Misogynoir and colorism
Building on Patricia Hill Collins’ (2000 and 2004) work on African American women’s media representations, and drawing from her experiences as a Black queer woman, Moya Bailey (2014) coined the portmanteau misogynoir. The term combines the English word for anti-woman contempt, misogyny, and the French word for Black, noir, to refer specifically to the unique visual violence against Black women seen in popular culture. Bailey used the term misogynoir in her online writings about women in digital media to describe how anti-Black racism operates: “What happens to Black women in public space isn’t about them being any woman of color. It is particular and has to do with the ways that anti-Blackness and misogyny combine to malign Black women in our world” (2014: 763). Oracene Price, the mother of international tennis moguls Serena and Venus Williams, astutely noted about her daughters: “The public reacts to the Williams sisters not as African Americans or as women, but as African American women” (cited by Schultz, 2005: 341). The intersection is important to name because the specific “denigration of Black females and their bodies has become so commonplace that it is rarely acknowledged” (Douglas, 2014: 5), and the sport media plays a role in continually reproducing structures of domination in its constructions and representations of gender and race. According to Bailey (2014), see also (Bailey, 2016; Bailey and Trudy, 2018), misogynoir contributes to an invisibility/hypervisibility of Black women. Not being truly seen minimizes their accomplishments on the court (Cooky, 2018; Thorpe, 2017; Tredway and Francombe-Webb, 2018), while maximizing their representation in media stories centered on controversy.

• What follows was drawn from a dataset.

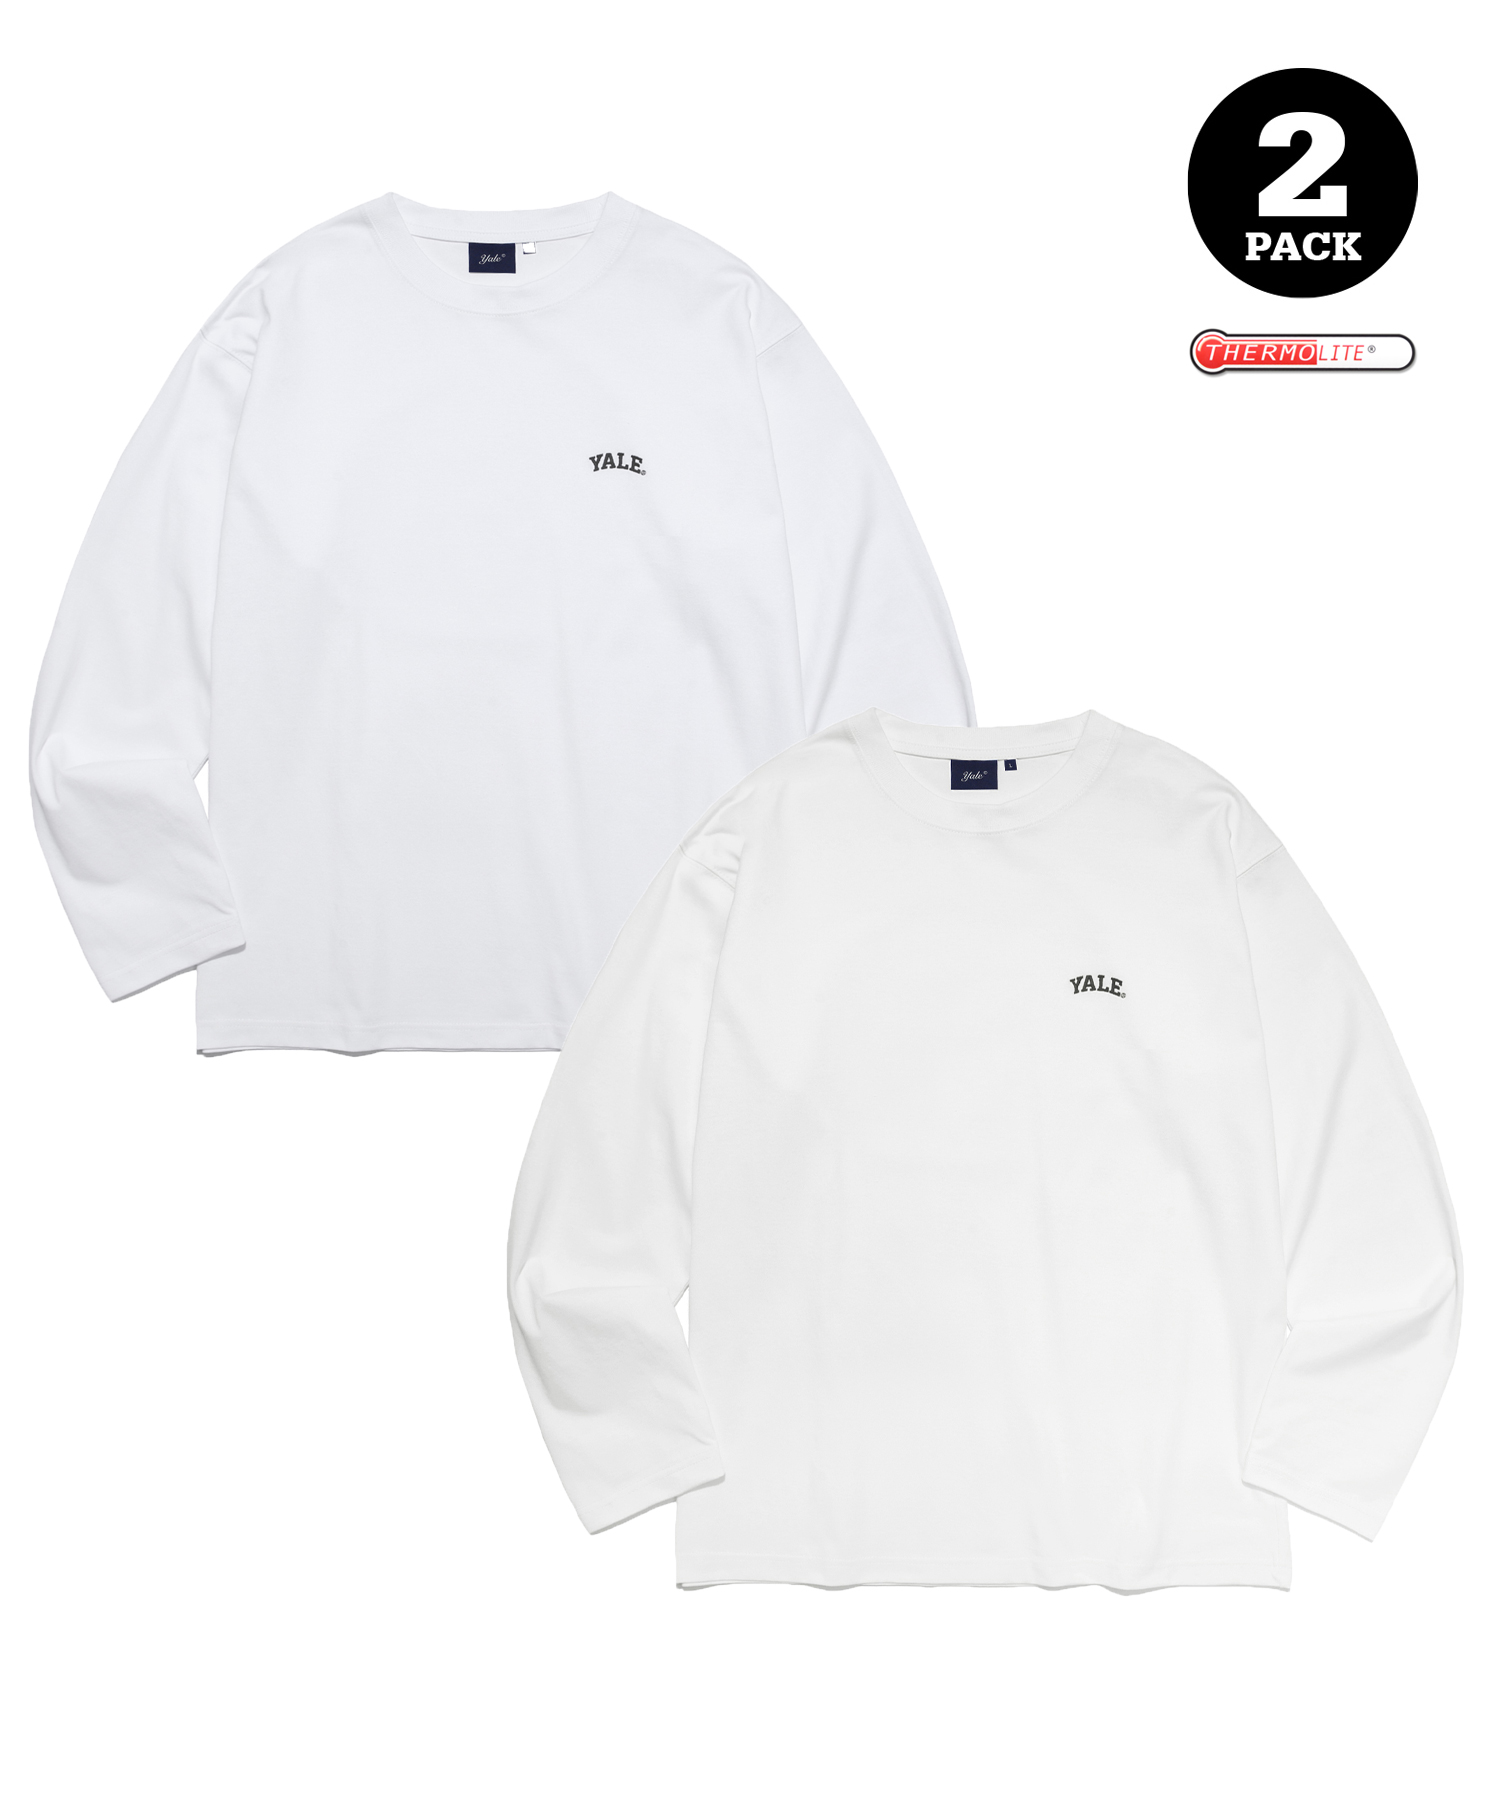 [ONEMILE WEAR] WARM UP 2PACK SMALL ARCH LS WHITE/IVORY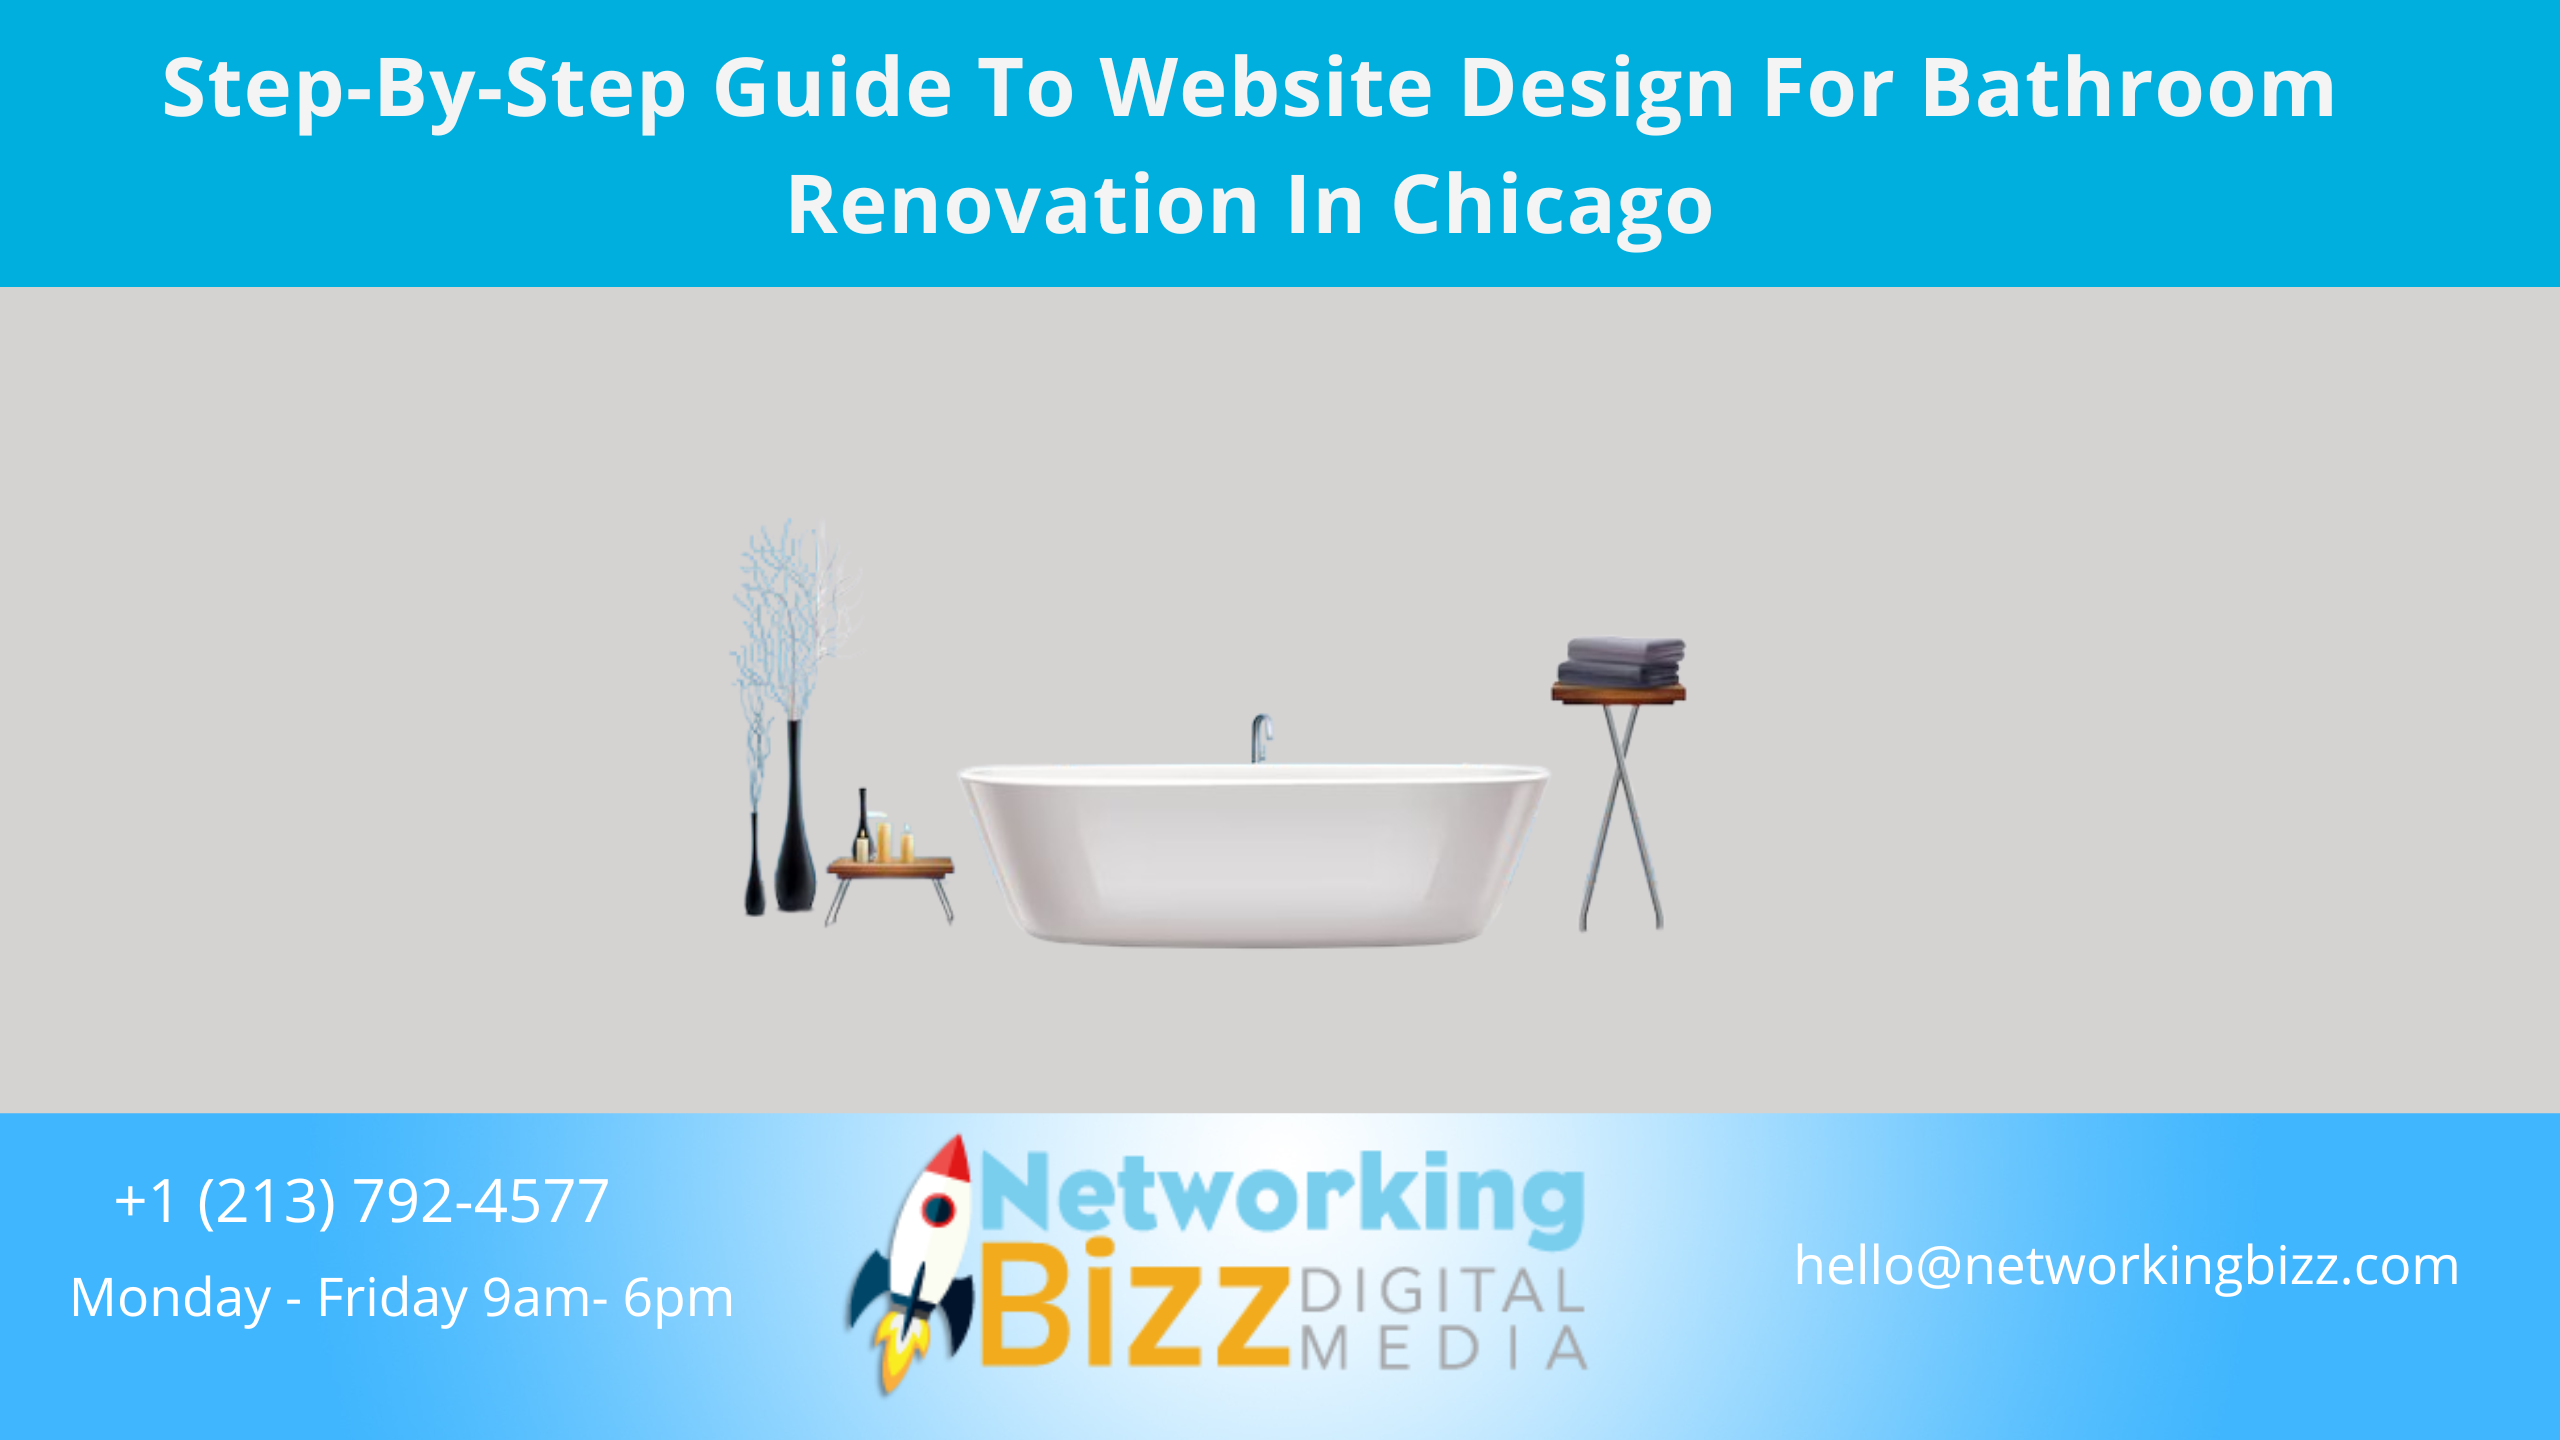 Step-By-Step Guide To Website Design For Bathroom Renovation In Chicago

At the 2018 US Open, mainstream media did not acknowledge that two women of color were playing the final, instead Naomi Osaka was read as being a victim of Serena Williams. While this can be somewhat expected due to Williams’ celebrity status, it must also be understood in the context of numerous studies’ findings, which have outlined how Serena and Venus Williams’ bodies, attitudes and words have been misconstrued to reproduce stereotypes of Black women and reinforce White power (Douglas, 2002; 2012; Hobson, 2003; Ifekwunigwe, 2018; Schultz, 2005; Tredway and Francombe-Webb, 2018). Yet again, within minutes of the final, the global mainstream media (Briggs, 2018; Collman, 2018; Jurejko, 2018) used Williams’ repeated outbursts throughout the match to continue to represent her as an angry, Black force of nature. This time, her foil was Osaka, widely represented as a meek, polite, apologetic Japanese or even White woman, erasing her Black ancestry (Luther, 2018; Yeung, 2018). These two representations largely perpetuate misogynoir, which includes exaggerating Black women’s anger and the erasure of mixed-race women’s Black identities. Global mainstream media play a role in reifying these tropes, through words and images on television, print and online media, that are key pedagogical devices limiting the number and range of representations of Black women (Collins, 2000), a clear strategy of White supremacy.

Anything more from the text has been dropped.